Minister of Transport and Communication
- Incumbent
- Assumed office March 11, 2008
- Preceded by: Antonio Munguambe

Personal details
- Born: 1955 (age 70–71)

= Paulo Zucula =

Mozambican politician (born 1955)

Paulo Zucula (born 1955) is a Mozambican politician and Mozambique's Minister of Transportation and Communication since March 2008.

==Biography==
===Early life===
Born in 1955, Zucula studied agronomy at the Eduardo Mondlane University in Maputo, where he completed a B.Sc. degree. He pursued graduate studies at the University of Minnesota, receiving a M.Sc. degree.

===Career===
From 1990 to 1992, Zucula served as Deputy Minister of Agriculture for President Joaquim Chissano.
Thereafter, from 1993 to 1995, he was a National Programme Manager for the Food and Agriculture Organization of the United Nations. In 2001, he became coordinator of the Regional Spatial Development Initiative of the Development Bank of Southern Africa. From 2004 to 2005, he held the post of Chief Executive Officer of the Foundation for Community Development (Fundação Para o Desenvolvimento Comunitário).

Zucula re-entered public service in December 2006, becoming director of the National Disasters Management Institute (Instituto Nacional de Gestão de Calamidades, INGC), Mozambique's disaster management agency.

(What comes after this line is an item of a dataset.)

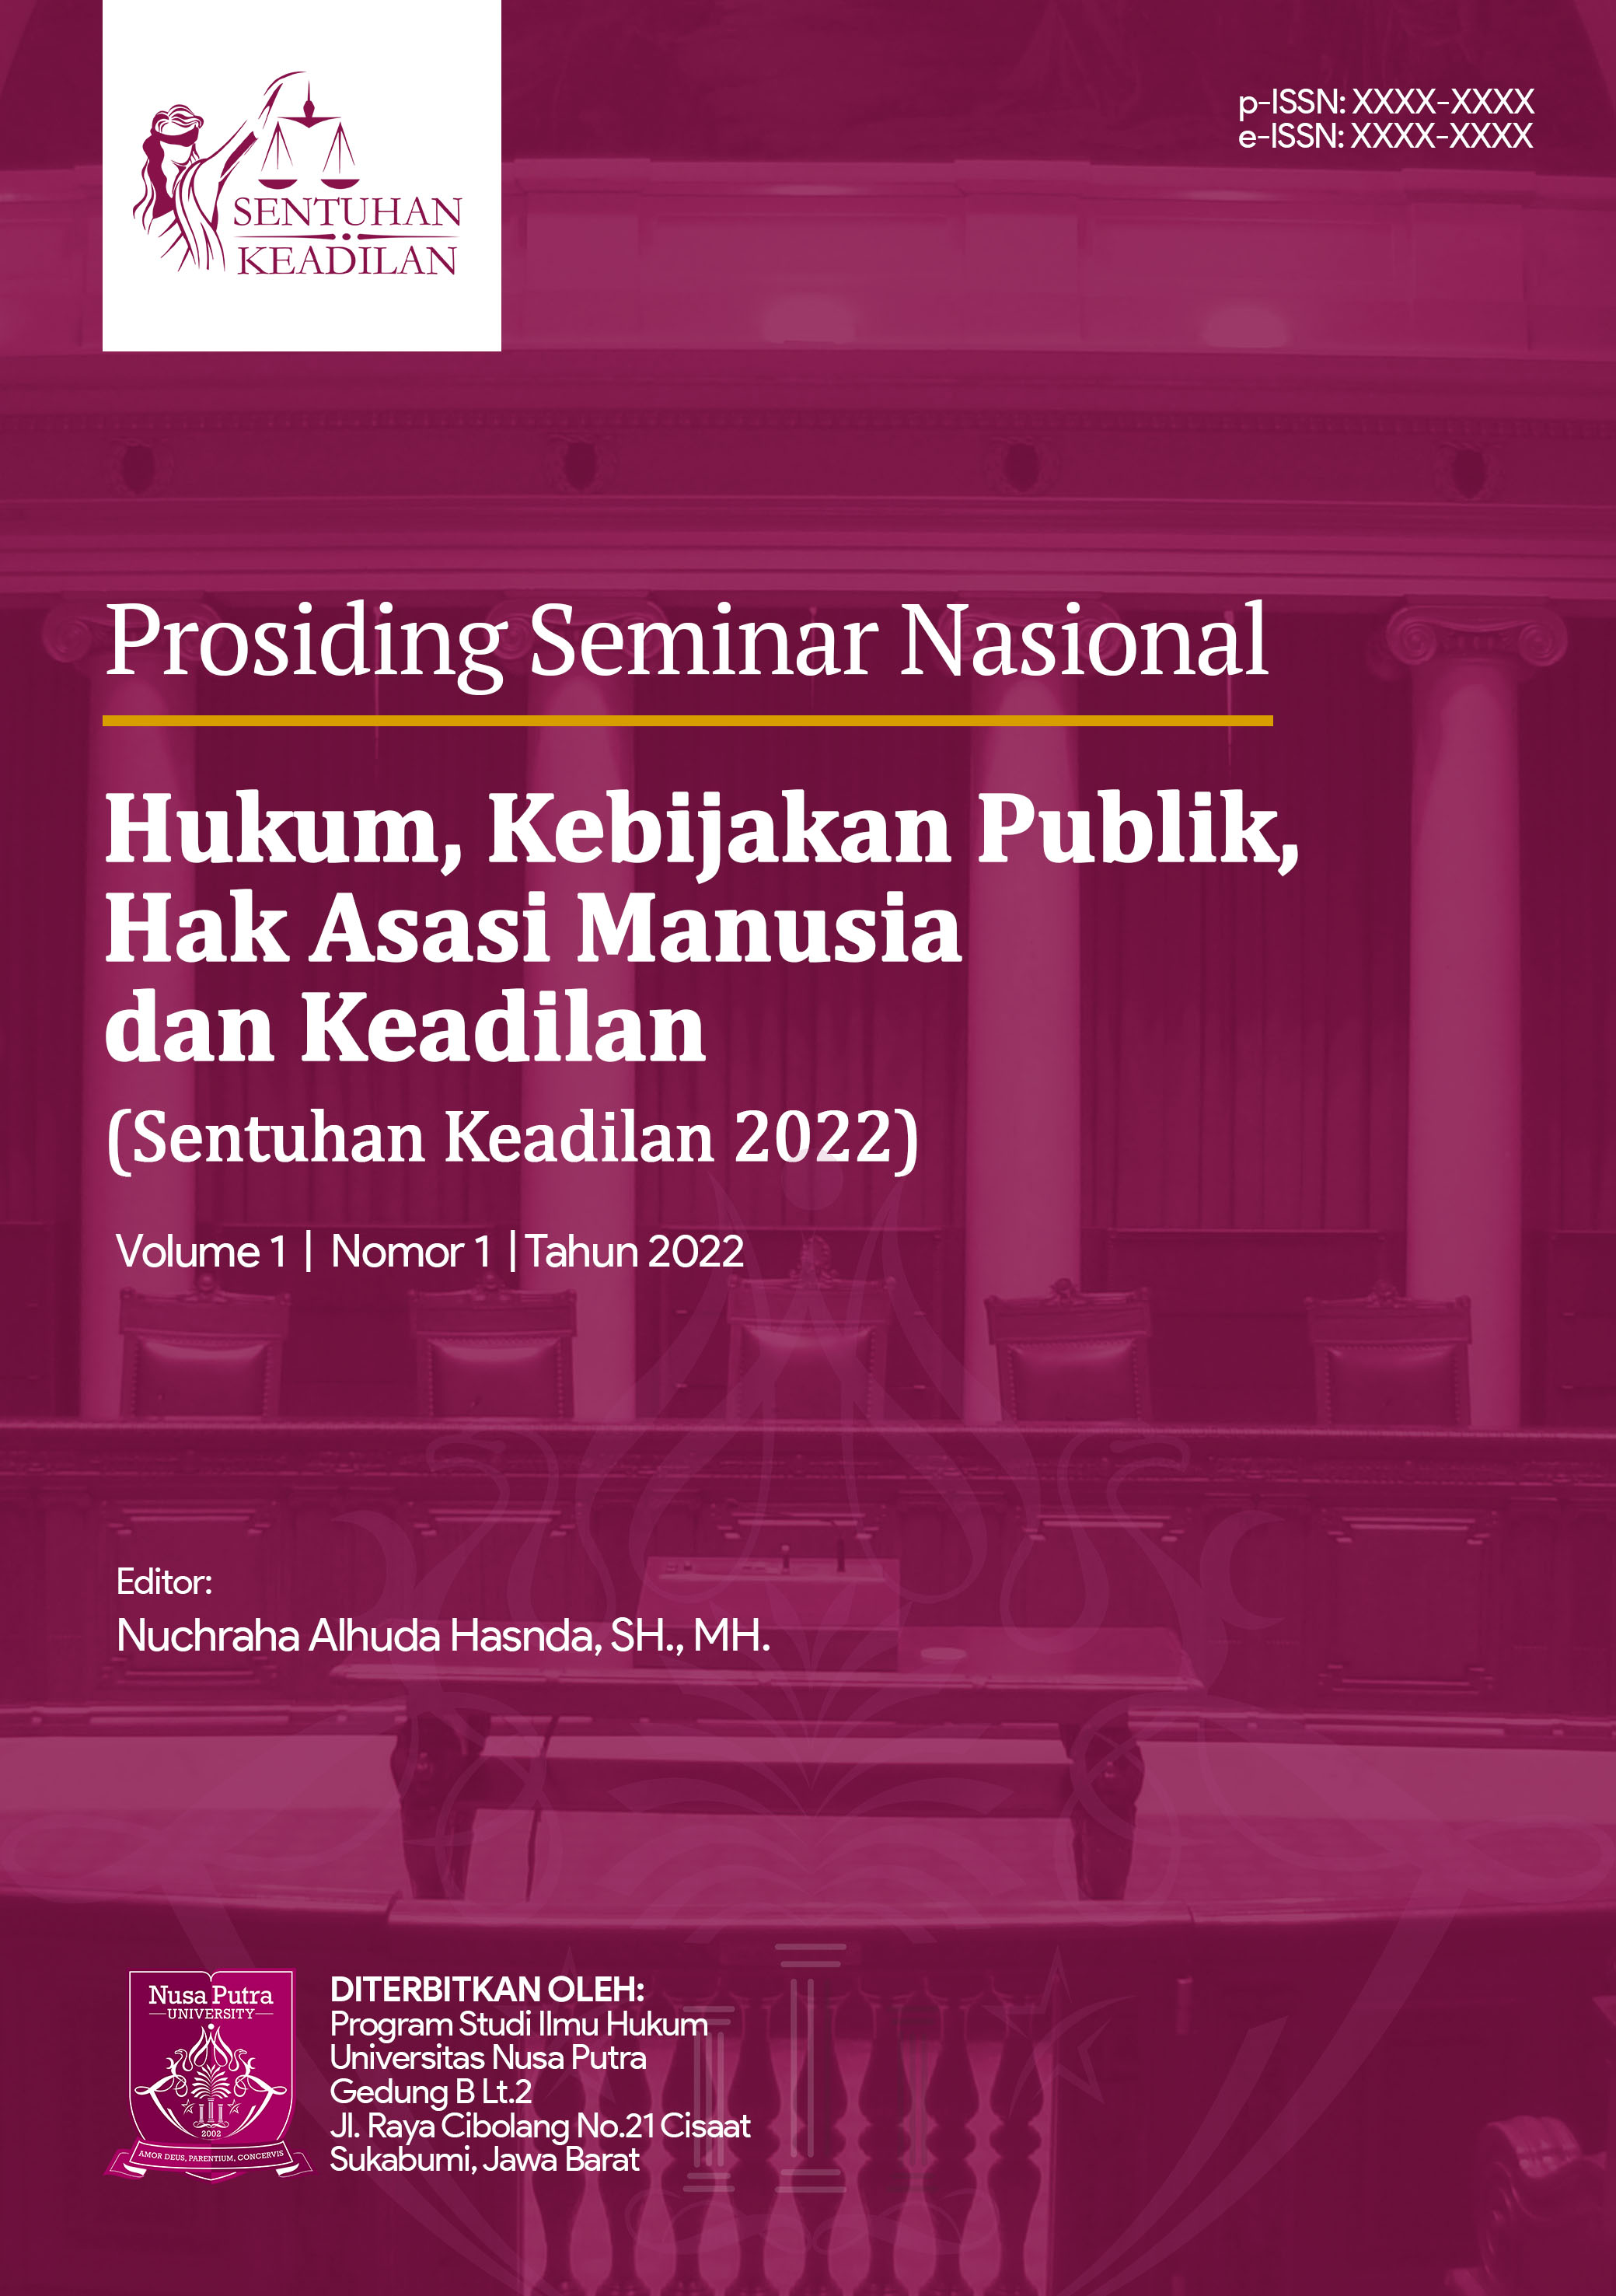 					View Vol. 1 (2022): Prosiding Seminar Nasional Hukum, Kebijakan Publik, Hak Asasi Manusia dan Keadilan (SENTUHAN KEADILAN 2022)
				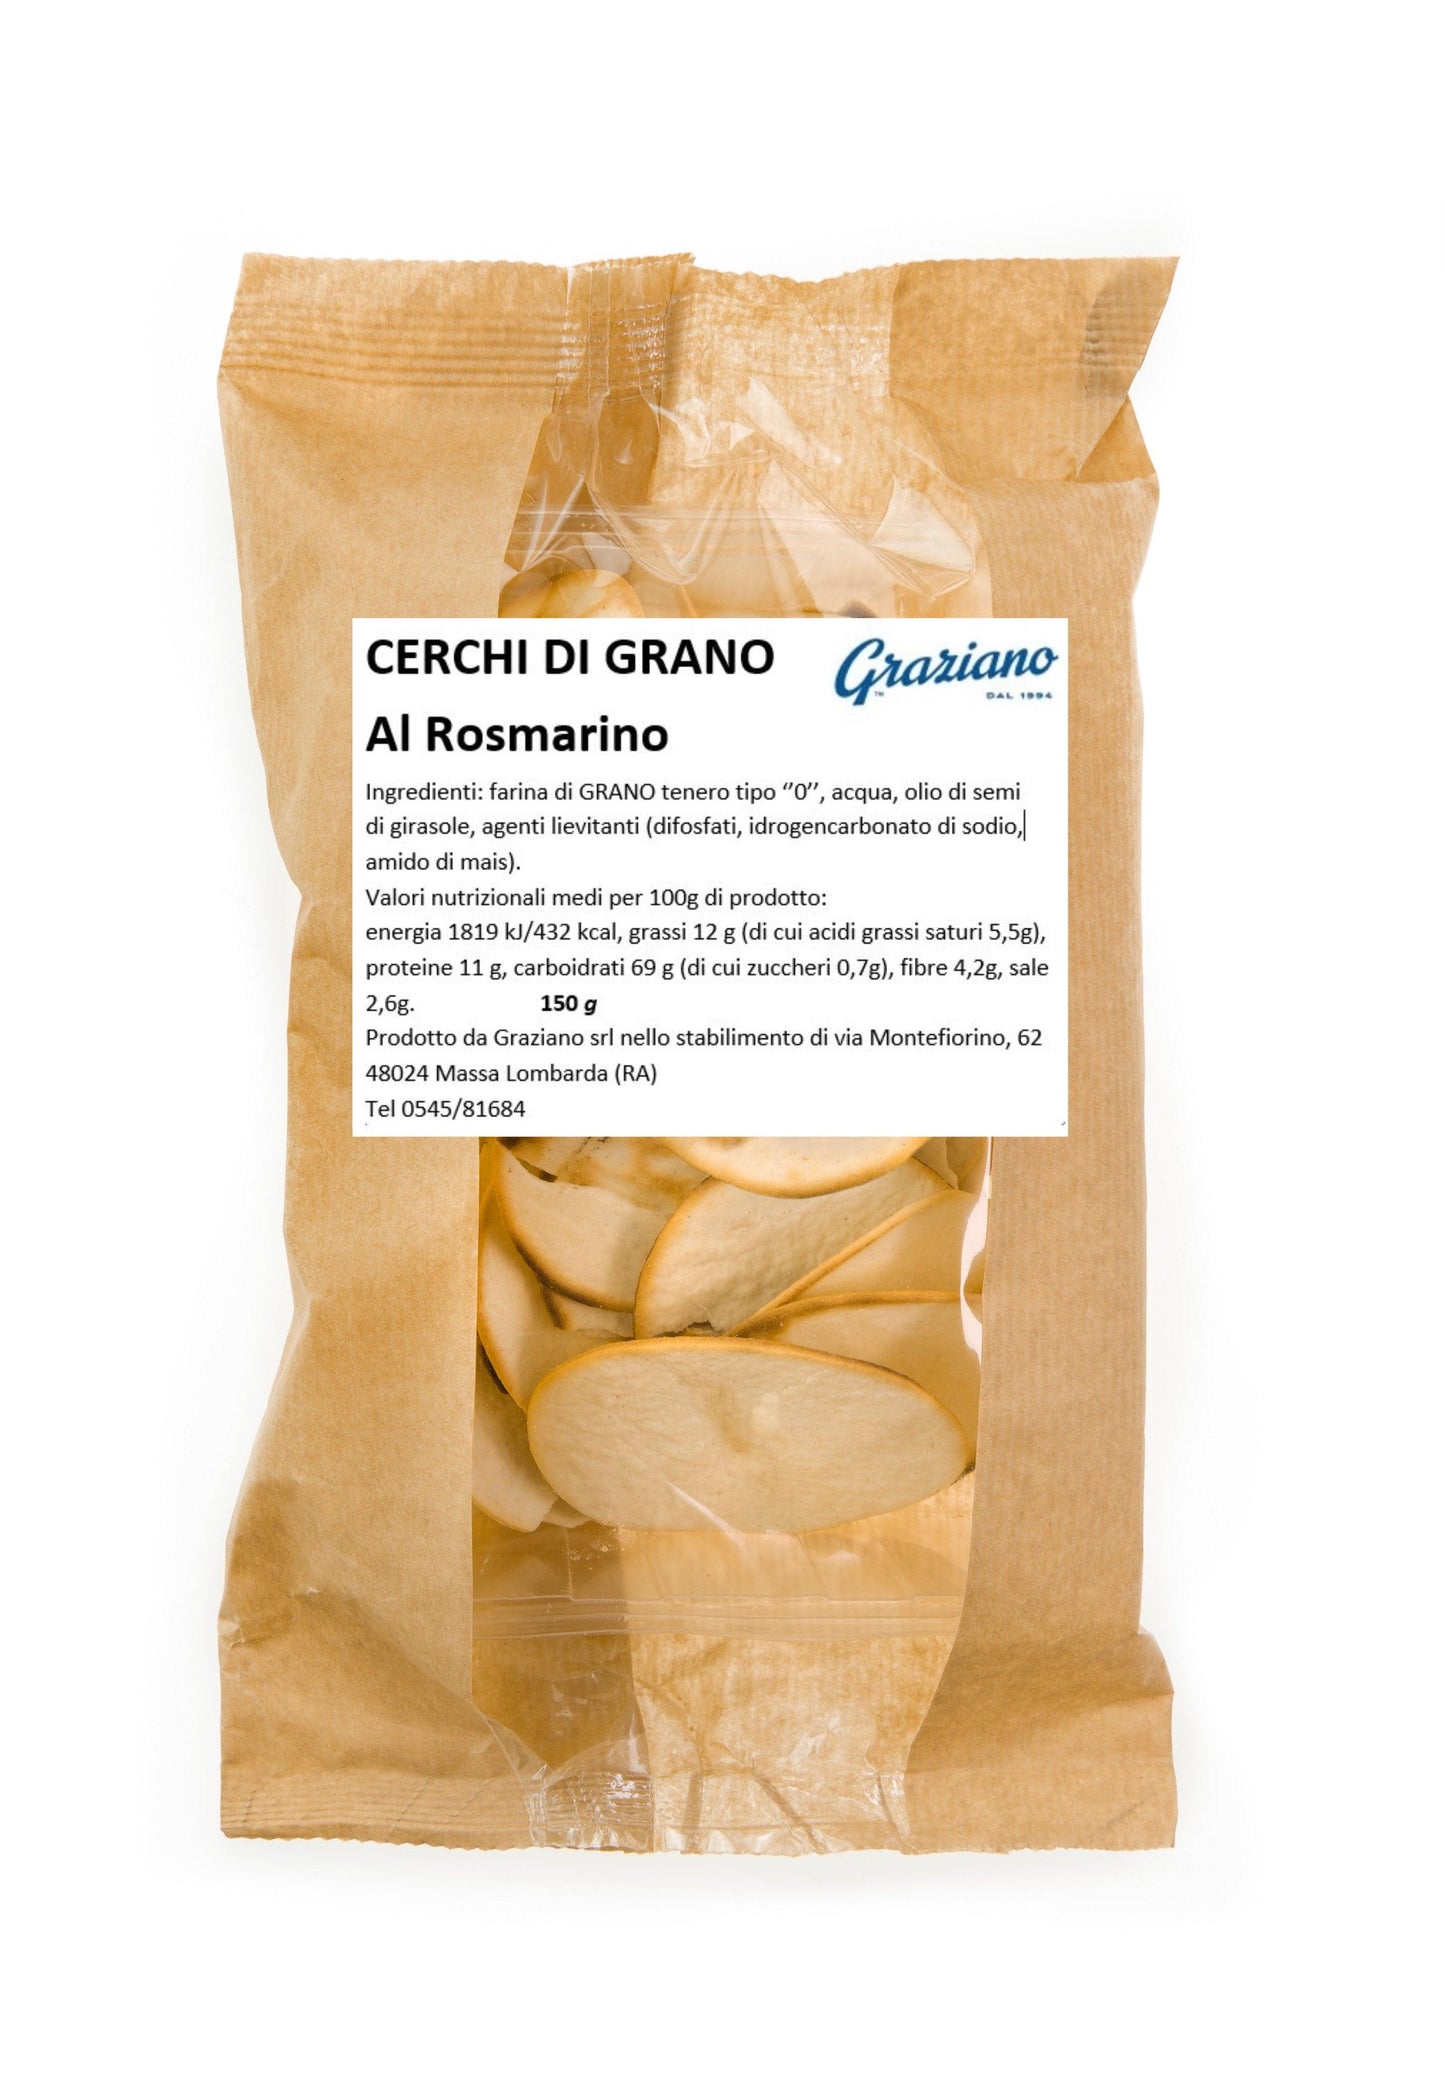 Cerchi di grano al rosmarino - I migliori prodotti Made in Italy da Fiera di Monza Shop - Solo 16.50€! Acquista subito su Fiera di Monza Shop!

He was "widely praised" for his handling of the 2007 Mozambican flood and for his leadership of the INGC,
with one "senior [United Nations] official" describing him as "the most effective director in this position that I have come across in 25 years of disaster management anywhere in the world".
He was appointed Minister of Transport and Communication by Armando Guebuza on March 11, 2008,
succeeding Antonio Munguambe. Zucula's appointment came as part of a cabinet reshuffle that also involved the replacement of foreign minister Alcinda Abreu and justice minister Esperança Machavela.